Hi Aaron !!! I'm Aaron as well and i feel your pain. I'm more than double your age but my issues began in my youth around 7 or 8 when they diagnosed me with spasticYo colon and anxiety. Anxiety has always been a major issue in my life and with IBS c or d it's like a revolving door as the IBS causes anxiety over everything at least with me from eating or not eating to going places to a general fear of no bathroom being at my disposal. Also Anxiety causes a brain-gut signal that exasperates IBS symptoms. When i was younger there was nothing besides pepto bismol and some beladonna class drugs but they only helped me for so long. Your quite lucky to be 19 in this day as there are way more options for you ( and me ) today. Go to your GI it sounds to me like a bacterial overgrowth as the burping and gas are produced by the bacteria. i am no expert but IBS based on the rome III criteria is more focused around bowel movements such as frequent diareah or constipation over "x" amount of time or chronic worry about it etc...... if diareah is a concern I would look into drugs such as diphenoxylate and atropine or loperamide and other anti spasmotics and anti diareahl's. I'm not sure what to tell you about the burping etc.... the GI will be your resource though in the interim try simithicone gas-x. As to a life lesson I have learned with IBS is to not let it control you. I have lost jobs, girlfriends, my kids gowing up etc all because of diareah. Don't let it control you, your a young man and have a full life ahead of you. Who cares crap your pants, burp all over the guy at the check out register, and freak out !!!! it doesn't matter really it doesn't to anyone but you and if you feel your missing out on life then push back and just say F**! it and do it anyway as what's the worst that going to happen ? you'll take a shower change your underwear and move foward. Oh yeah don't smoke pot anymore it's not worth all the stuff that goes with it. best of luck and pm me i you need any help.


----------



## DEUCE CLICK (Jun 20, 2012)

Hey Aaron, you posted on my story, and now I'm returning the favor. Of all the stories, yours is the most similar to mine that I have seen. Our starts were similar, as I started out with a mixture of diarrhea and constipation. After about a year or so, I weakened my body so much with diet and laxatives that I only have extreme constipation. Your story seems just like mine except you are a few years younger and have gone through shit for 2 years. I am now going on 4 and a half years of all the issues that have arisen. I know exactly how it feels--none of your friends understand, your parents are supportive but think you should just move on and deal with it. You tell people you aren't hungry and they say "go smoke pot". I did that and still had no hunger. You have extreme anxiety and fear as well as depression. It all starts from lack of digestive energy. I also smoked marijuana to cope, but I didn't have panic attacks, but I would get nervous and paranoid. I used pot to deal with my overactive mind and depression of being let down by doctor after doctor. It made me very anti social and even fearful of leaving my environment (my parent's house). Obviously you have quit now, and don't ever smoke again. Another thing that sticks out to me is how eerily similar our symptoms are. We are both very frail, can not gain any muscle, have NO appetite, bloating, decline of health, decline of happiness and lack of vitality and have had to put their social and pragmatic (school, work) life on hold. I also used to burp all the time. I, like you, was diagnosed with SIBO and given Rifaximin. At the time I took it I felt cured. My bloating went down a little, I could poop regularly with no diarrhea or constipation. I felt more energy and happiness. But this only lasted for the 2 weeks I took it. I would get a 2nd course and nothing would change. Some questions I have for you that might help. Do you also have extreme amounts of white phlegm from your throat? Especially in the shower? Do you hate being cold and/or damp? Are you always fatigued? Do you have trouble falling/staying asleep? Do you feel compulsive about your behaviors? (when to take supplments, when to eat, what to eat, etc...) Have you always had troubles gaining weight? Do you have rapid, incessant thoughts? (racing mind) Were you born premature? Do you have neck/shoulder soreness and stiffness?
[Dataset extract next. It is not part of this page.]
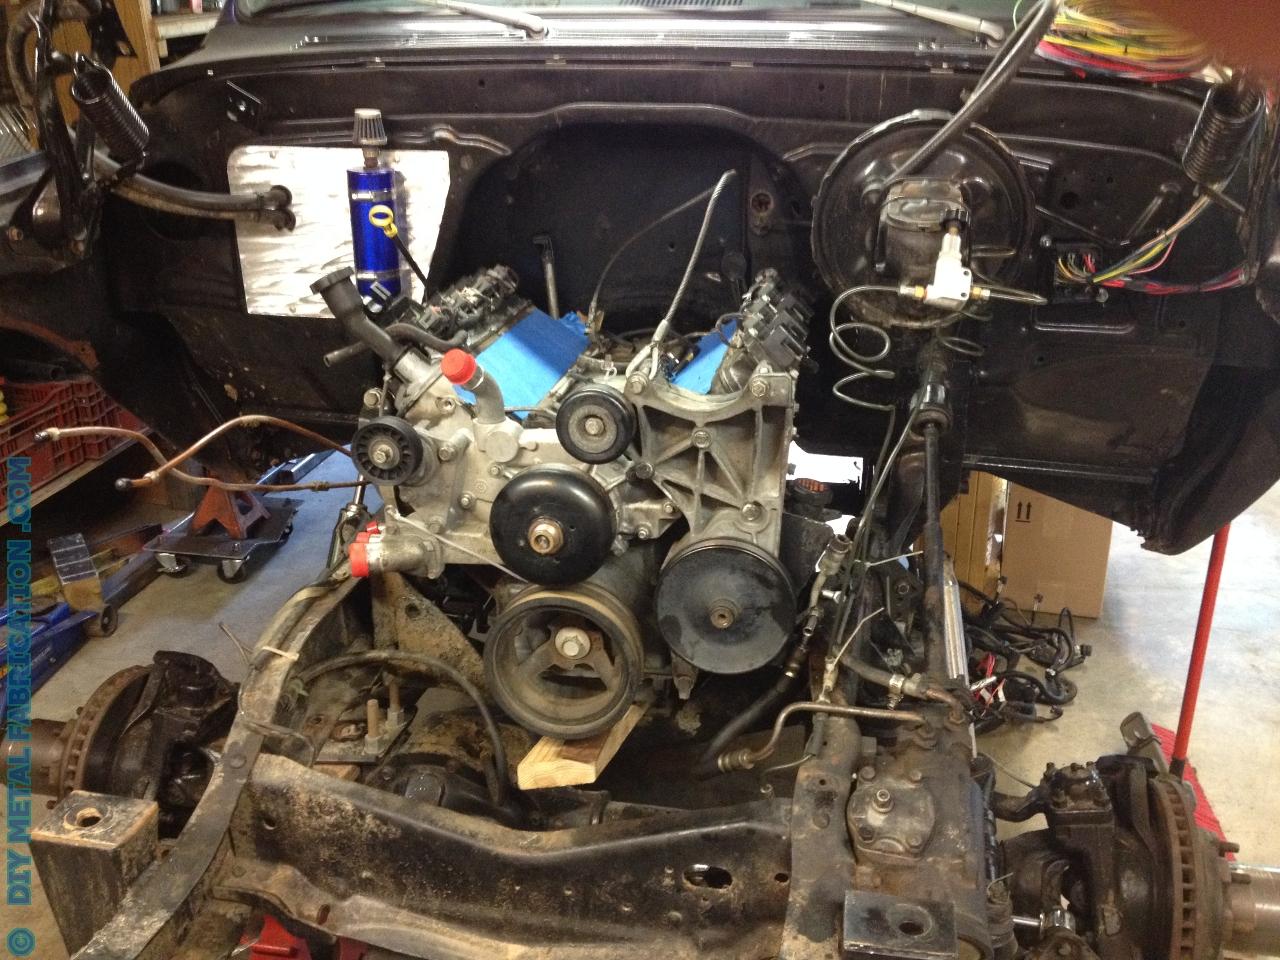 Diy Ls1 Wiring Harness 5 3 Ls Engine Swap Into Ol Blue 1971 Chevy Truck Part 2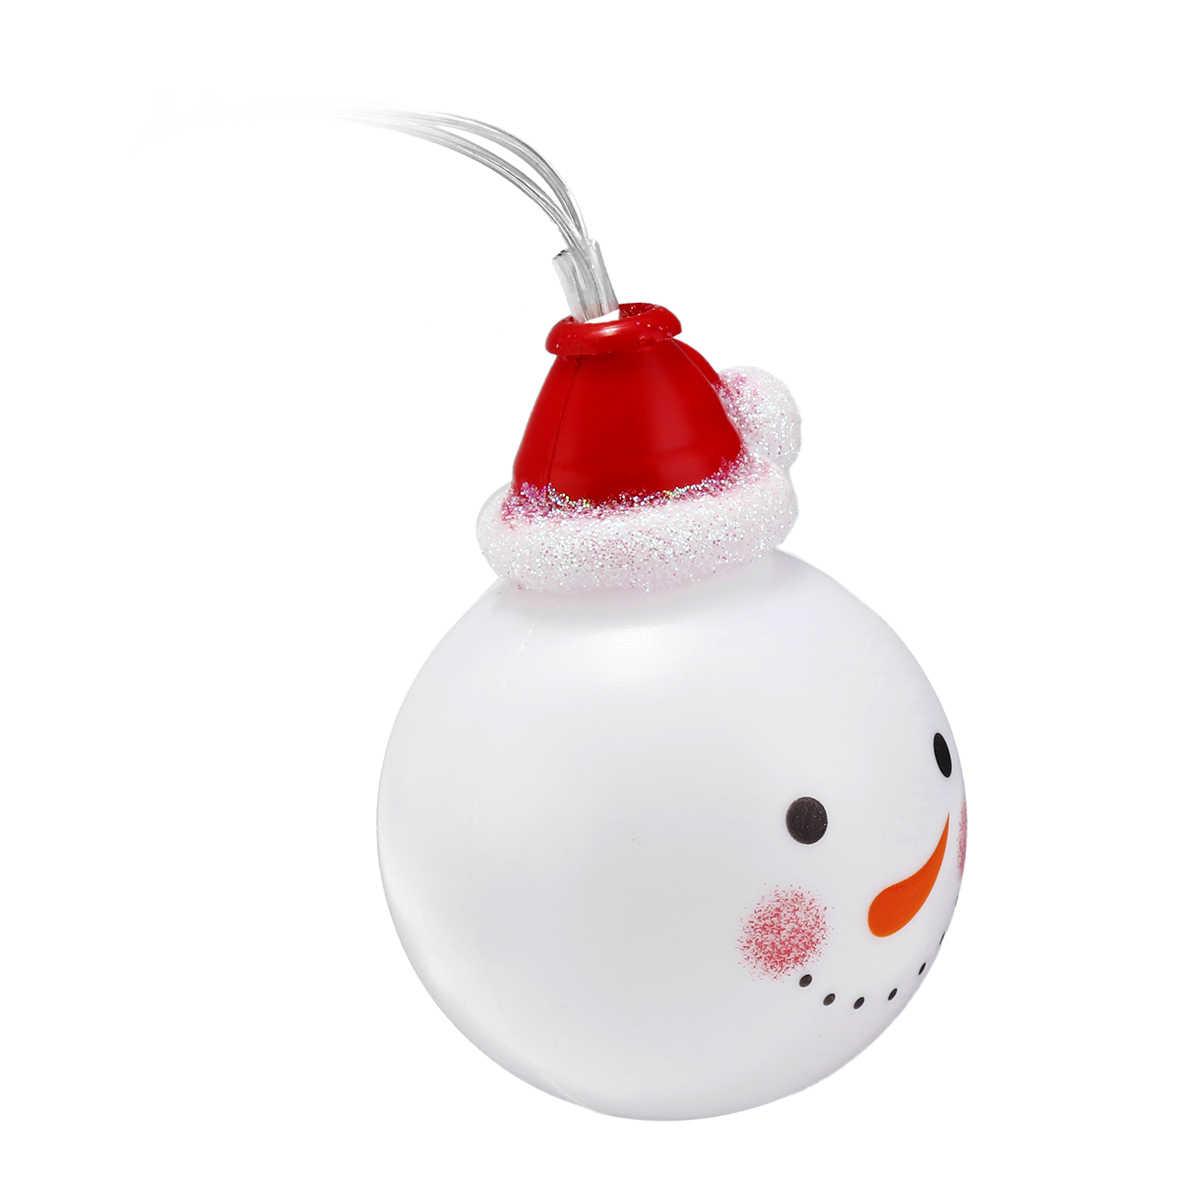 3/1.5m 10/20 LEDS Christmas Snow Man Shape LED String Lights Battery Operated Holiday Lighting Christmas Tree Decor

I hope you get on here, because I have found a solution to my issues. I can look back 2 years and where you are is. I was 6 foot, about 120 pounds. I dropped all the way down to 96 lbs...now I'm back to 110. where I was then It won't change overnight, but in the last six weeks since receiving this treatment I am pooping on my own, I am not depressed, I have energy, my sleep cycle has normalized, I don't take any more supplements (other than natural calm and the herbs he gives me), and beyond everything else I feel hopeful and happy. My bloating is still there, but my doctor says its food passing through my digestive tract and is noticeable because I am so thin and lack muscle tone. My anxiety and racing mind is slowly easing. I still lack an appetite, but I eat every few hours and look forward to it. Also, I went about 8 hours without food and felt a sense of hunger for the first time since I can remember. I can go into more details about why this happened and why symptoms appear if you message me.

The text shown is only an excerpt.